Member of the U.S. House of Representatives from Georgia's at-large district
- In office March 4, 1813 – March 3, 1817
- Preceded by: District created
- Succeeded by: William Terrell

Personal details
- Born: March 2, 1780 Savannah, Province of Georgia
- Died: February 18, 1818 (aged 37)
- Party: Democratic-Republican
- Parent: Edward Telfair (father);
- Alma mater: College of New Jersey
- Profession: Politician, lawyer

= Thomas Telfair =

American politician

Thomas Telfair (March 2, 1780 – February 18, 1818) was a United States representative from Georgia. Born in Savannah, the third of four sons of Governor Edward Telfair, he graduated from the College of New Jersey in 1805. He went on to study law in Connecticut, was admitted to the bar, and commenced practice in Savannah.

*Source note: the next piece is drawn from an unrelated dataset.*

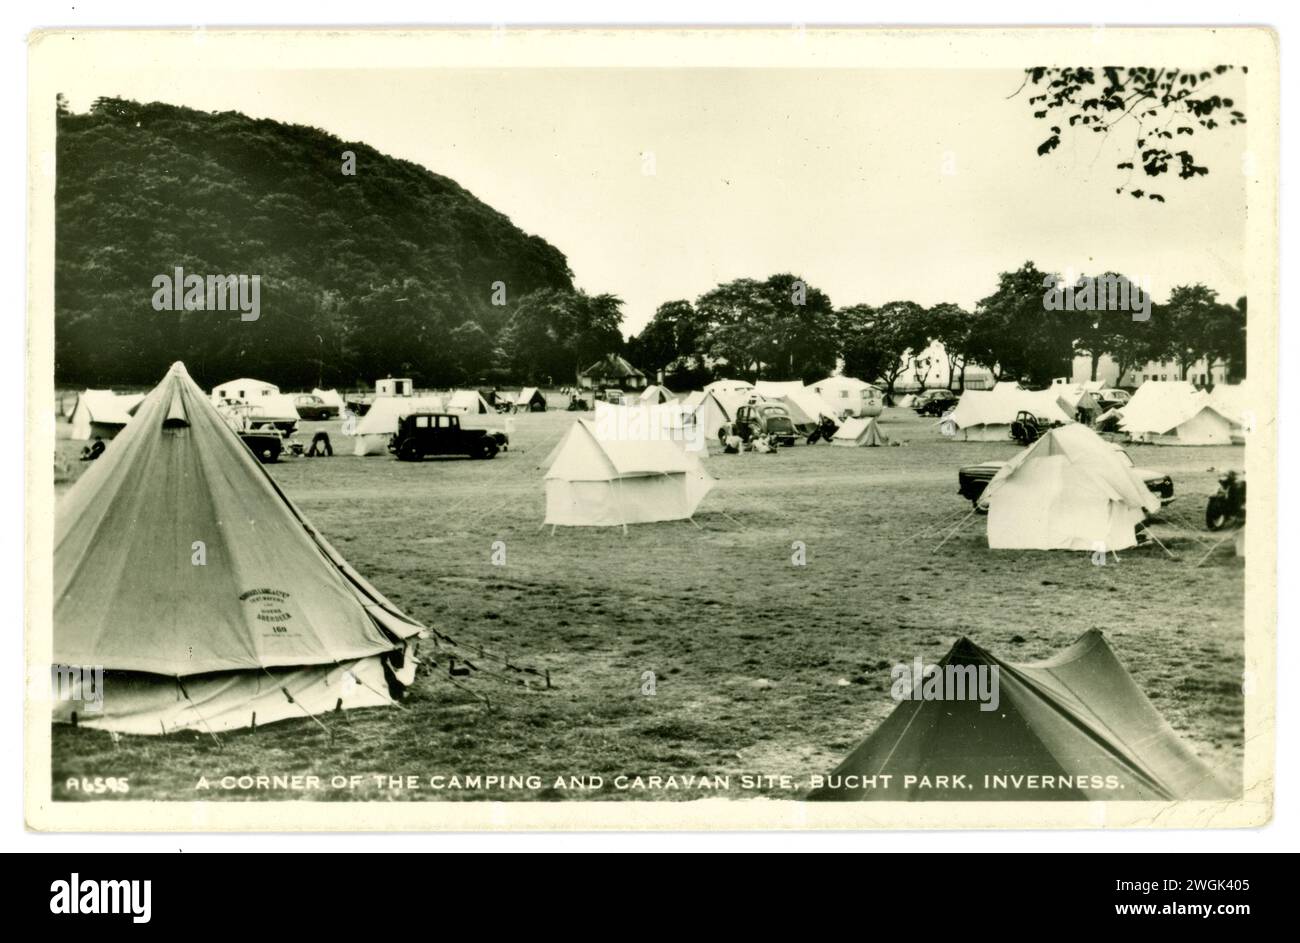 Original-Postkarte eines schottischen Campingplatzes aus den 1950er oder frühen 1960er Jahren - Camping- und Wohnwagenplatz, viele Zeltflächen und Leinwandzelte, alte Fahrzeuge, Glockenzelte, im Bught Park, Inverness, Schottland, Großbritannien Stockfoto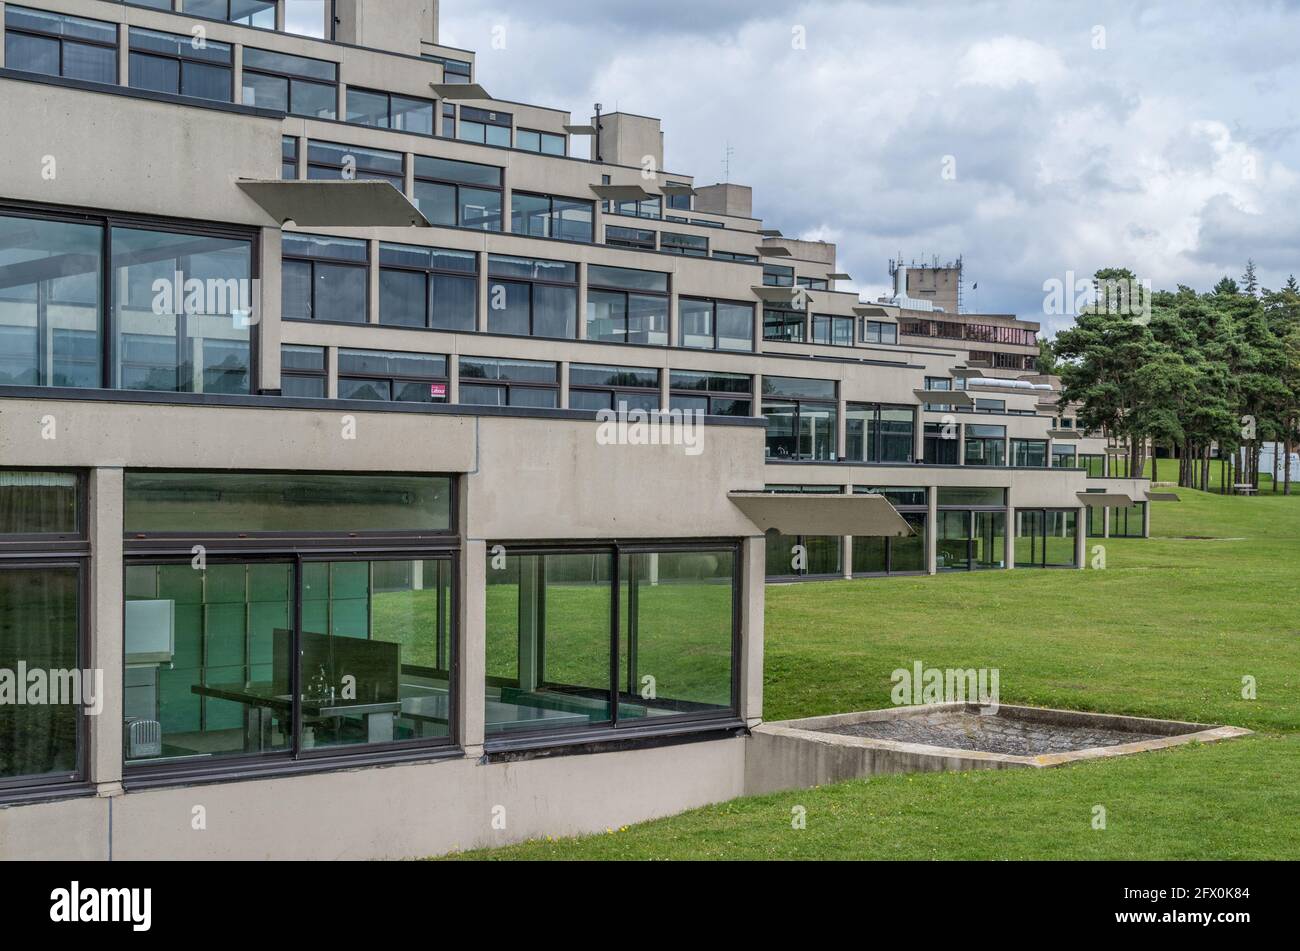 Studentenunterkunft, bekannt als Ziggurats, auf dem Campus der University of East Anglia, Norwich, Großbritannien; brutalistisches Design der 1960er Jahre von Denys Lasdun Stockfoto

Telfair was elected as a Democratic-Republican to the 13th and 14th United States Congresses, serving from March 4, 1813, to March 3, 1817. He died in February 1818 at the age of 37.

Like his father's before him, Thomas Telfair's remains were likely interred at the family's plantation and moved, many years later, to Savannah's Evergreen Cemetery. The cemetery was established in 1846; in the 20th century its name was changed to Bonaventure, for the original plantation on the site.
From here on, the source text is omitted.